Nadia Bilbassy, senior news correspondent for the Middle East Broadcasting Center, agrees that the Lebanese Army is critical to a stable civilian government. “The only problem is that it’s not strong enough. If it wanted to, Hezbollah could overrun the army overnight.”
Israeli Concerns about Its Northern Neighbor
Israeli journalist Nathan Guttman of the Jewish Daily Forward said the military situation in southern Lebanon is of enormous concern to Israelis, and Iran and Syria’s support for Hezbollah is especially worrisome. “U.N. Resolution 1701 after the Lebanon war 2-1/2 years ago was supposed to make sure Hezbollah was disarmed, and that arms don’t flow into southern Lebanon, but this has not happened,” he said.
“Moreover, Israelis are concerned with the fact that the United States still supplies arms to the Lebanese government and the Lebanese Army,” Guttman said. The fear is that, if the government in Beirut is weak, these arms might eventually fall into the hands of Hezbollah, he explained.
Bilbassy noted that, although Washington has already provided about $400 million in military aid to Lebanon, it has not included heavy weaponry. “Most of it is on a low scale, not to the degree it will threaten Israel,” she said. “I think it’s on the level of tanks and small boats, infantry weapons, and Humvees but not more than that.”
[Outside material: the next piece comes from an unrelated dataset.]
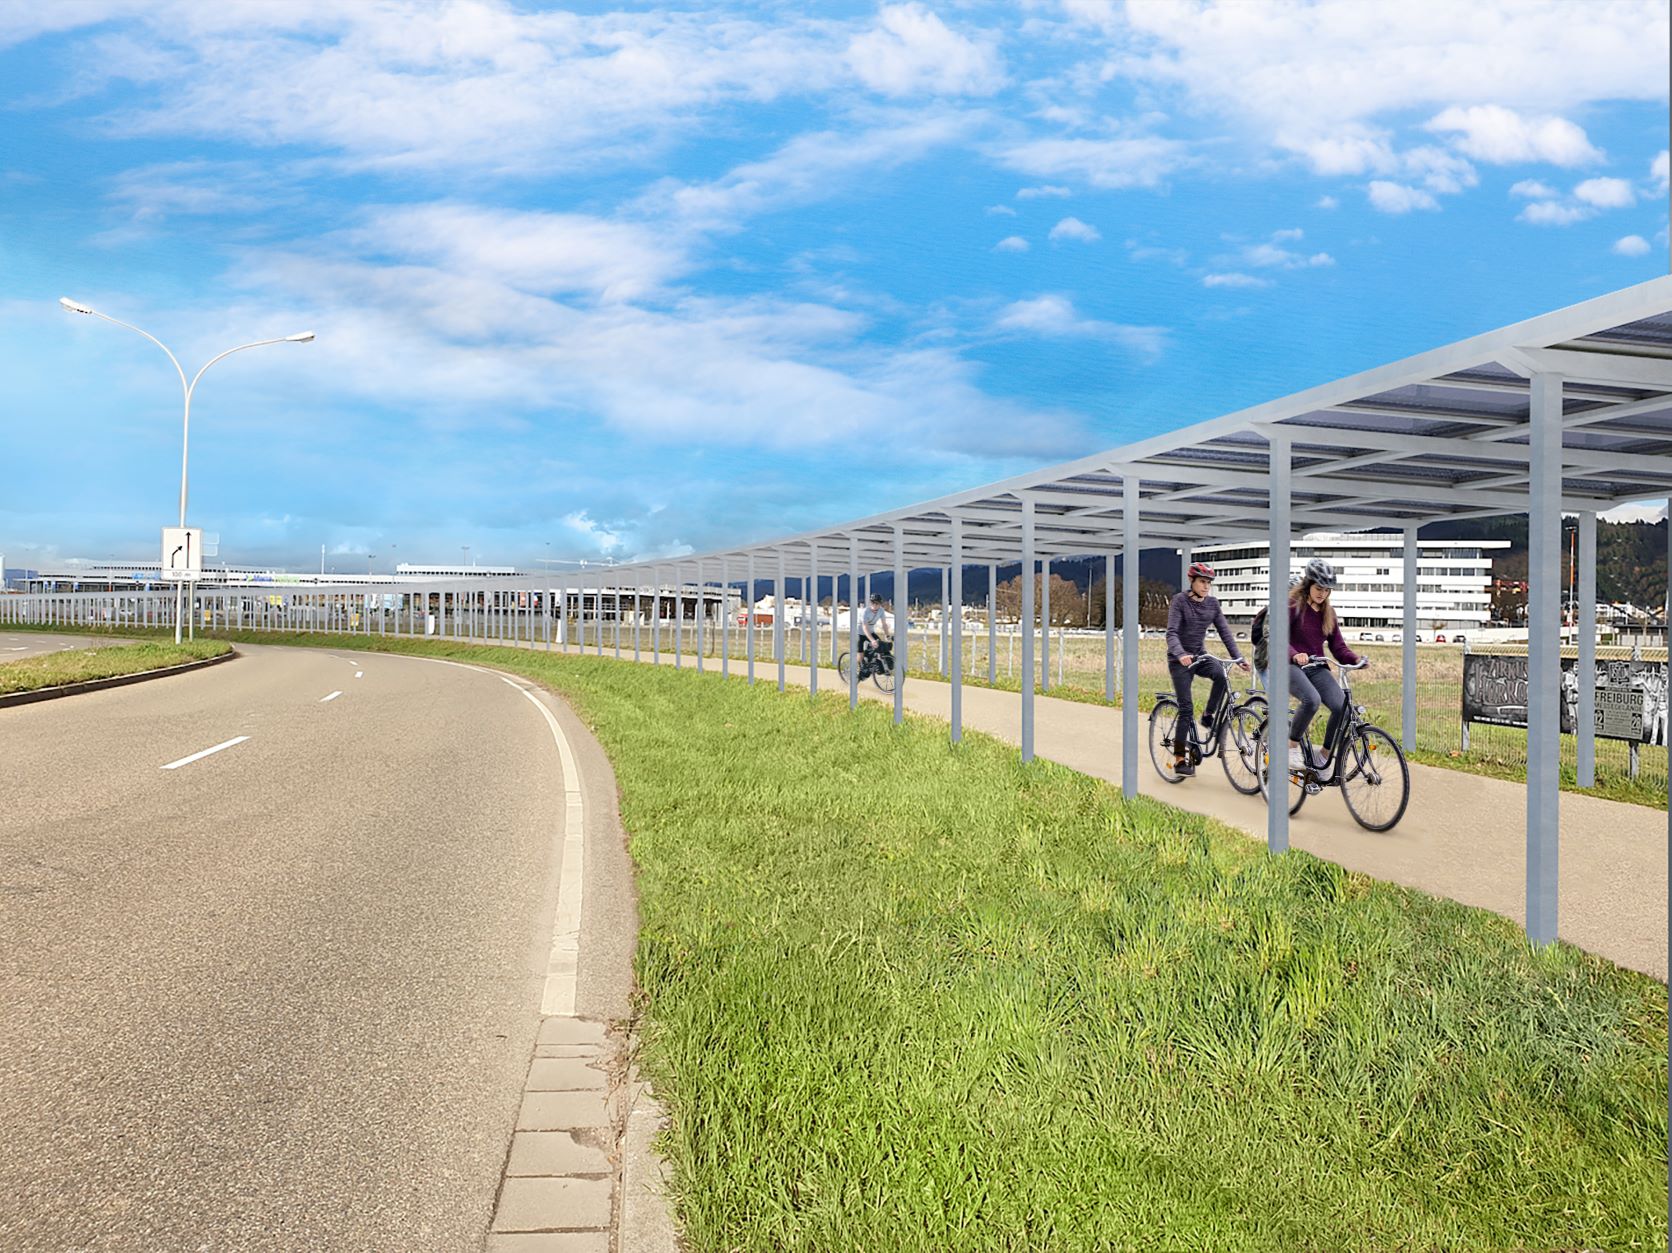 Bekommt Hamburg bald so einen Solar-Radweg wie Freiburg? (Visualisierung des Pilotprojekts, das gerade in Freiburg gebaut wird).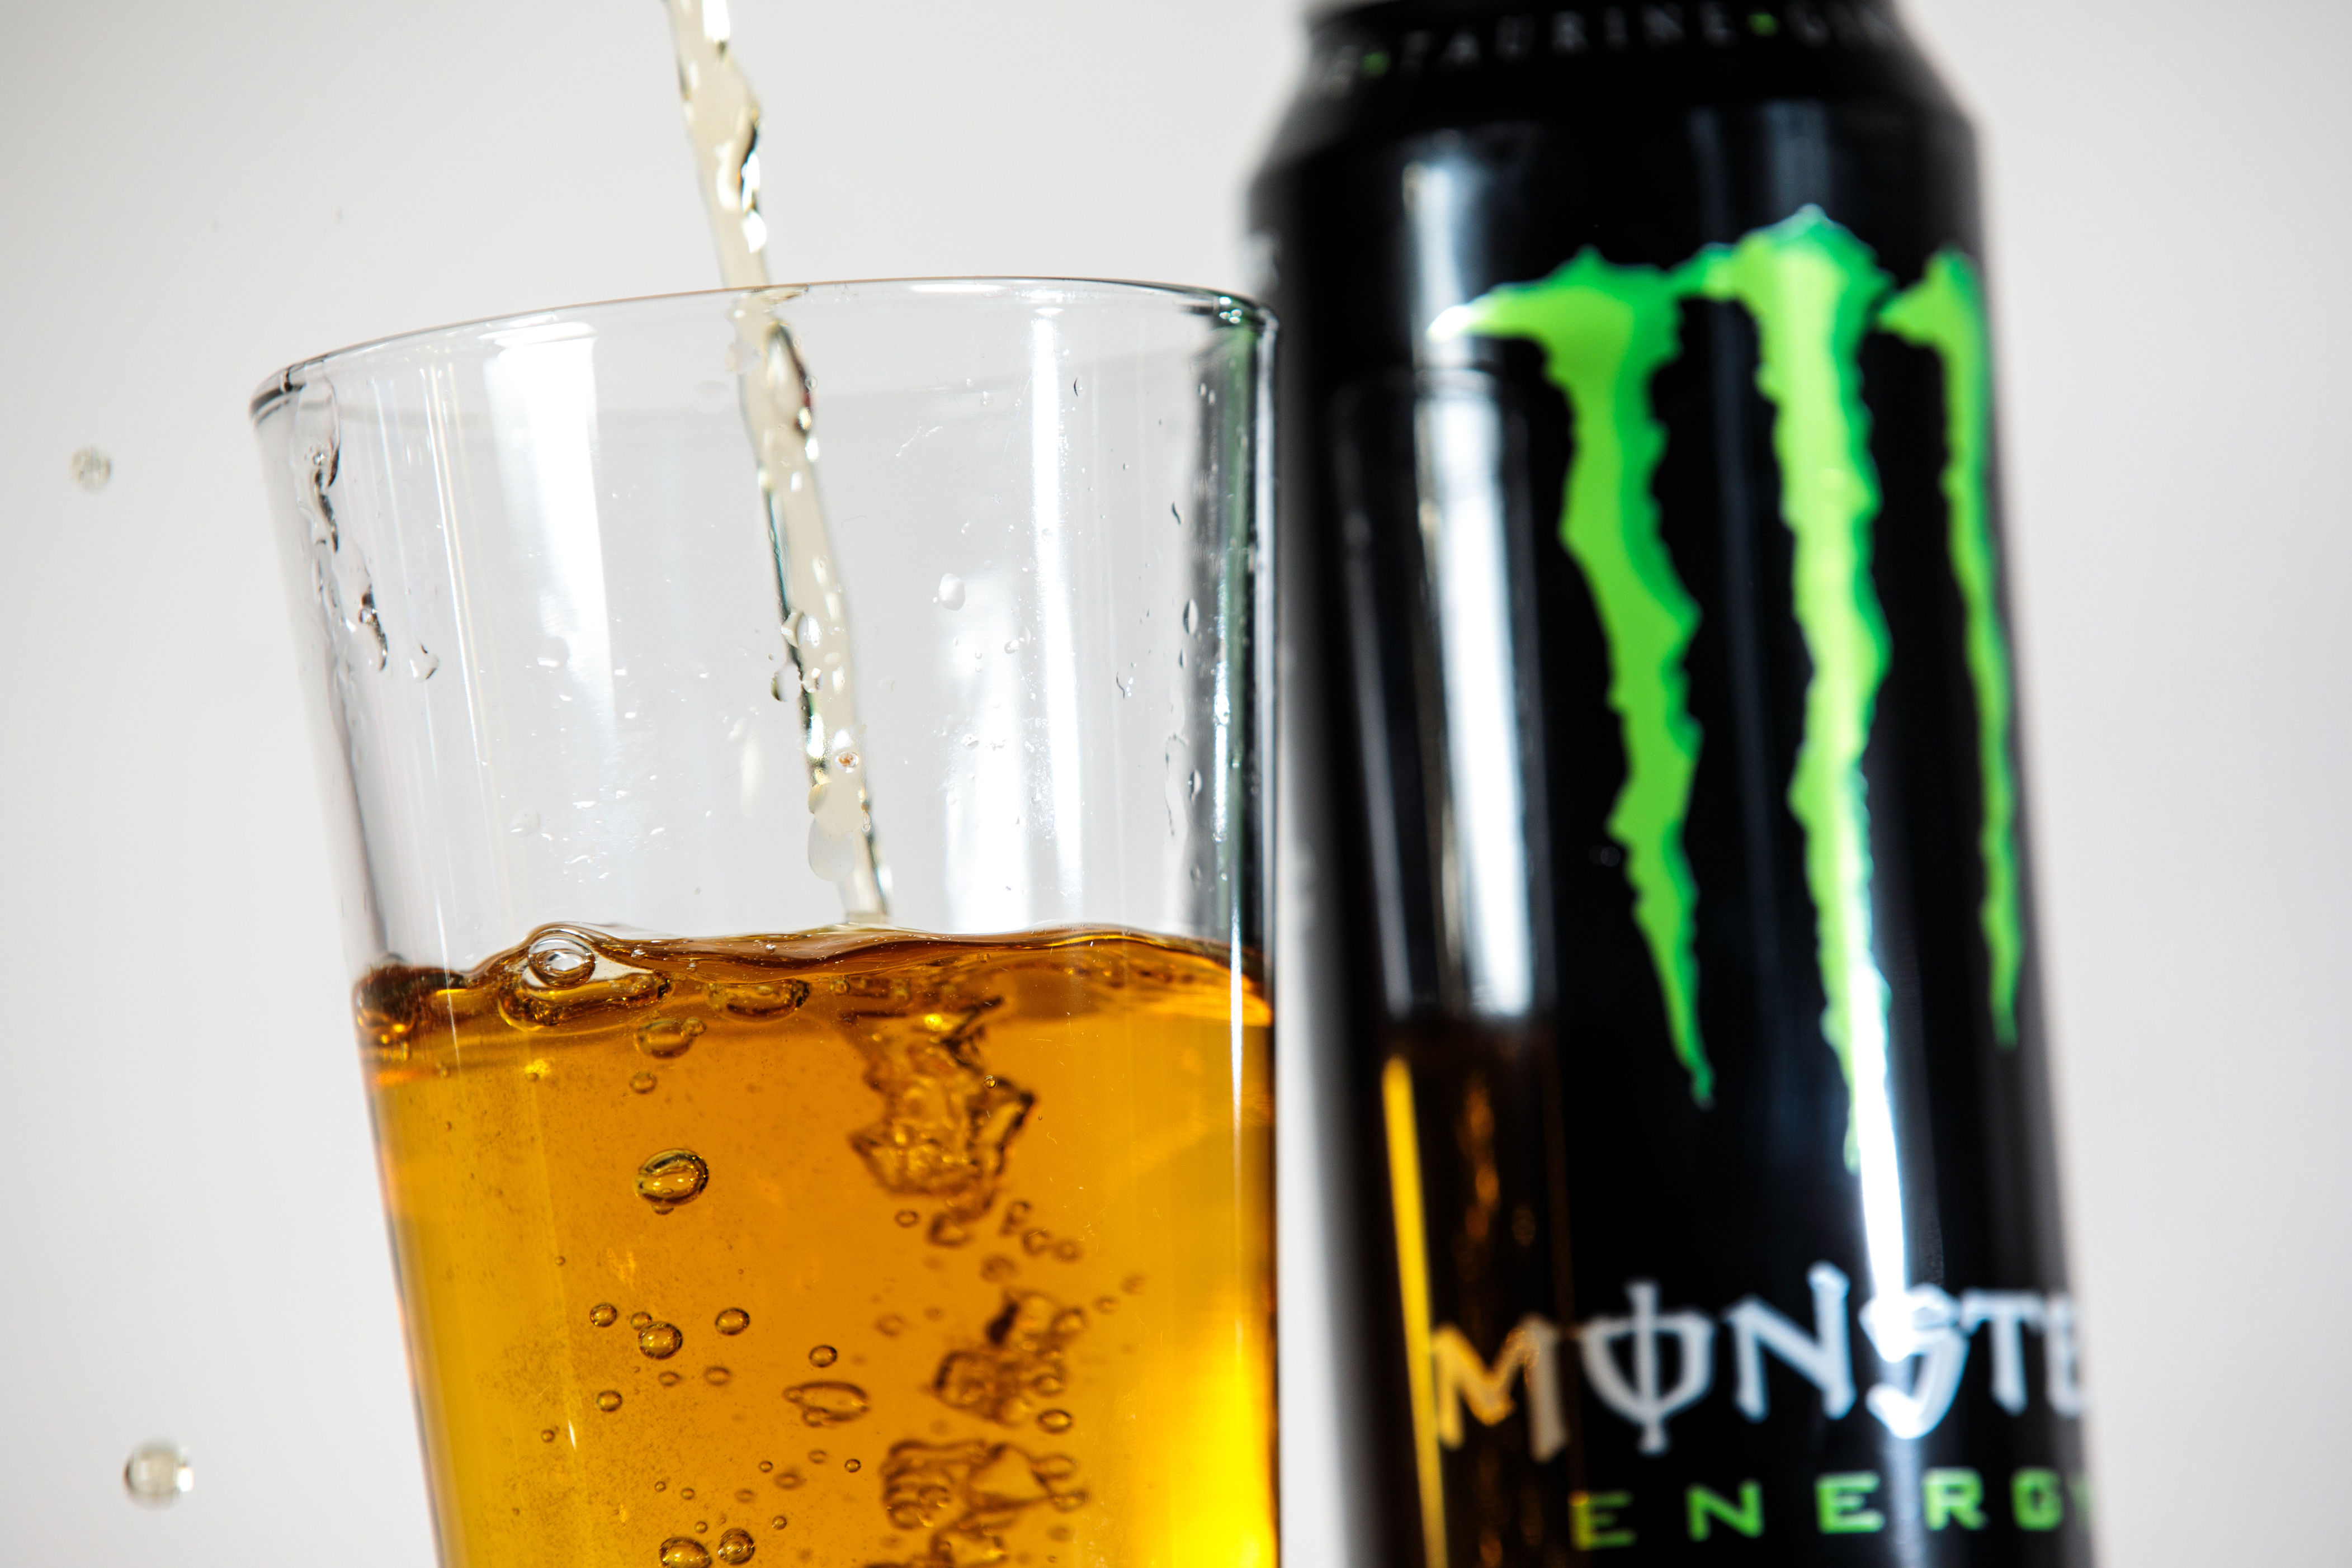 Beer monster. Prime Энергетик. Энергетические напитки в Дубае. Пивной монстр.

Role of Economic Development and Diplomacy
“This administration believes in soft power, and they believe that – if they want to combat extremism and terrorism – they have to provide better economic opportunities to the people in the region, including Lebanon,” Bilbassy said.
The Obama administration places great emphasis on diplomacy as a tool of stability, Bilbassy added. “They see it as a package.” Both parties talked about strengthening the partnership between their countries, she said.
“President Obama talked about economic aid and educational aid and about strengthening civil society, and he talked about a peace process that should involve everyone,” Bilbassy said. Furthermore, the American President said he “doesn’t have to agree with President Suleiman on every point, especially the arms of Hezbollah,” according to Bilbassy.
Mr. Obama told the Lebanese President that an apparent thaw in U.S. relations with Syria should not be a cause for concern for Lebanon. “He said any rapprochement with Syria would not be at the expense of Lebanese sovereignty or stability,” Bilbassy said.